A questão do petróleo era o principal assunto da campanha presidencial com vistas às eleições marcadas para 3 de outubro de 1950. Estillac defendia abertamente o monopólio estatal, afirmando que a missão principal das Forças Armadas consistia “em defender a soberania e a independência nacional, garantindo, internamente, a legalidade constitucional em todos os seus aspectos”.
Vargas foi eleito presidente e em fevereiro de 1951 Estillac deixava o comando da Zona Militar Sul para assumir o Ministério da Guerra. Era o auge da carreira.
A morte surpreendente
Fazendo um acerto de contas com sua própria história, Estillac Leal fez uma contundente defesa da legalidade constitucional:“Quaisquer que sejam os resultados das urnas, é dever dos soldados dignos desse nome aceitá-los como expressão dessa opinião e dessa vontade”.

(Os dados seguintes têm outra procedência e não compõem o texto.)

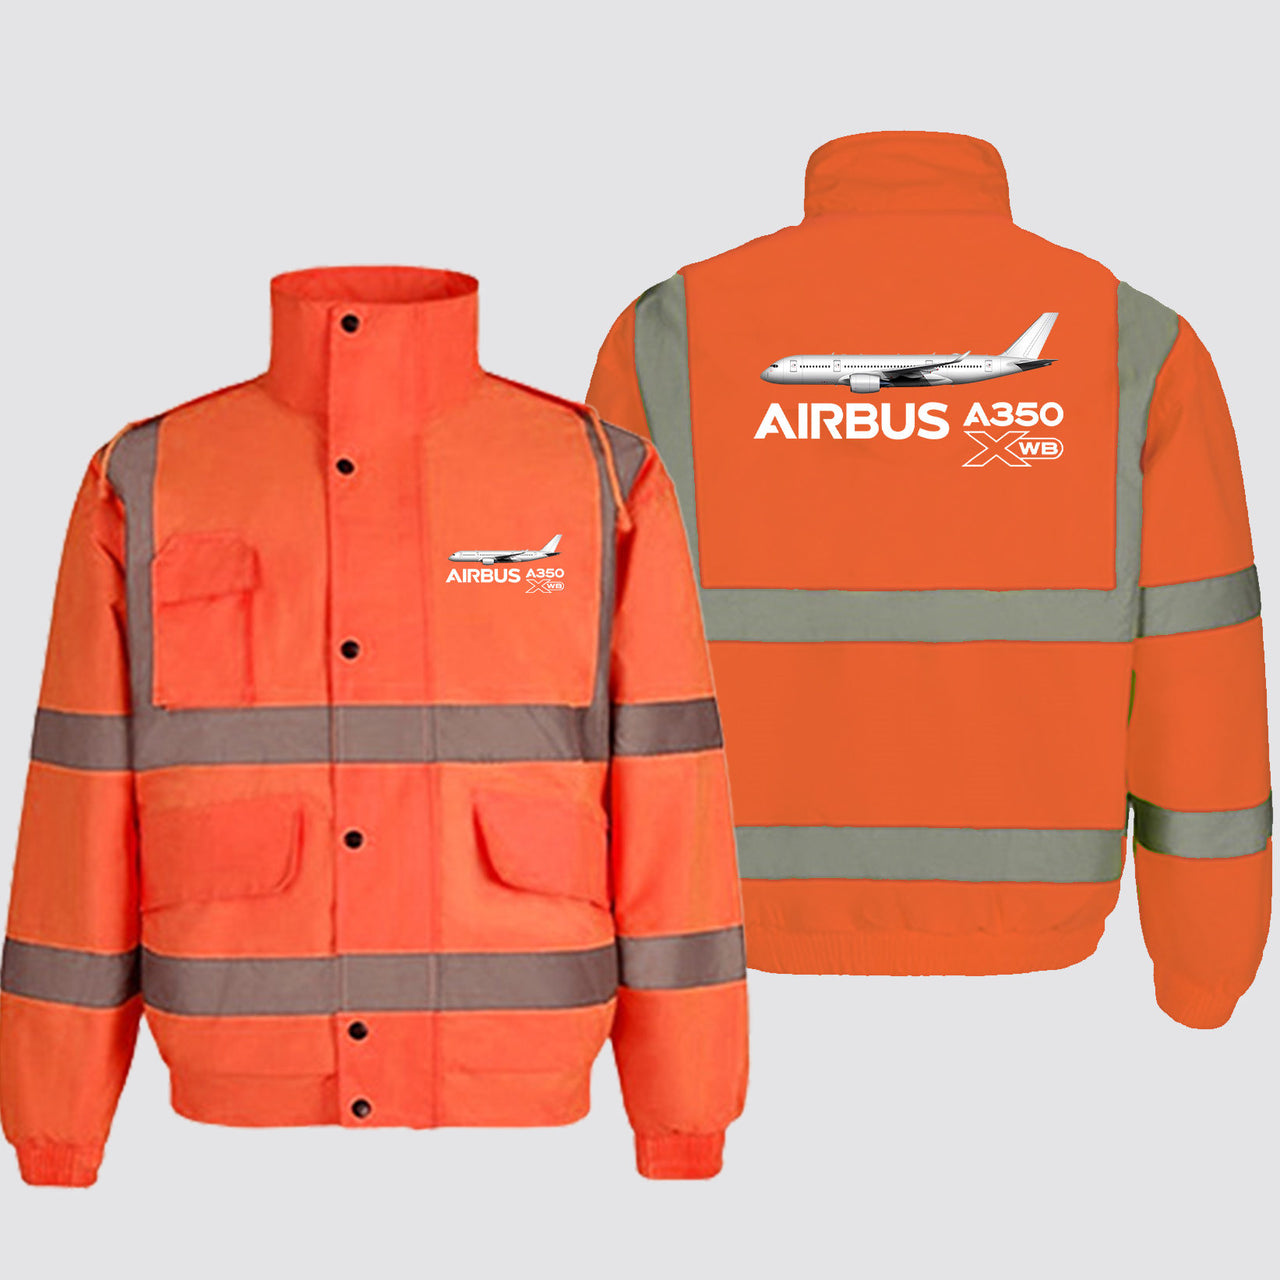 The Airbus A350 WXB Designed Reflective Winter Jackets

“Advirto, mais uma vez: qualquer golpe, astucioso ou de força, sejam quais forem as razões invocadas, poderá provocar no país perturbações imprevisíveis e possivelmente de gravíssimas consequências e, talvez mesmo, nos lançar em profundas e cruentas convulsões sociais. Estejamos atentos contra semelhante eventualidade, como paladinos – agora mais do que nunca – da legalidade democrática”.
As facções de esquerda descontentes com a candidatura de Juscelino Kubitschek às eleições presidenciais de 1955 tentaram lançar Estillac Leal como candidato à presidência da República, mas Leal morreu de súbito em 1º de maio daquele ano.
Sobreviveu a todos os confrontos militares, mudou profundamente a história do Oeste paranaense e do Brasil, mas foi abatido na luta política.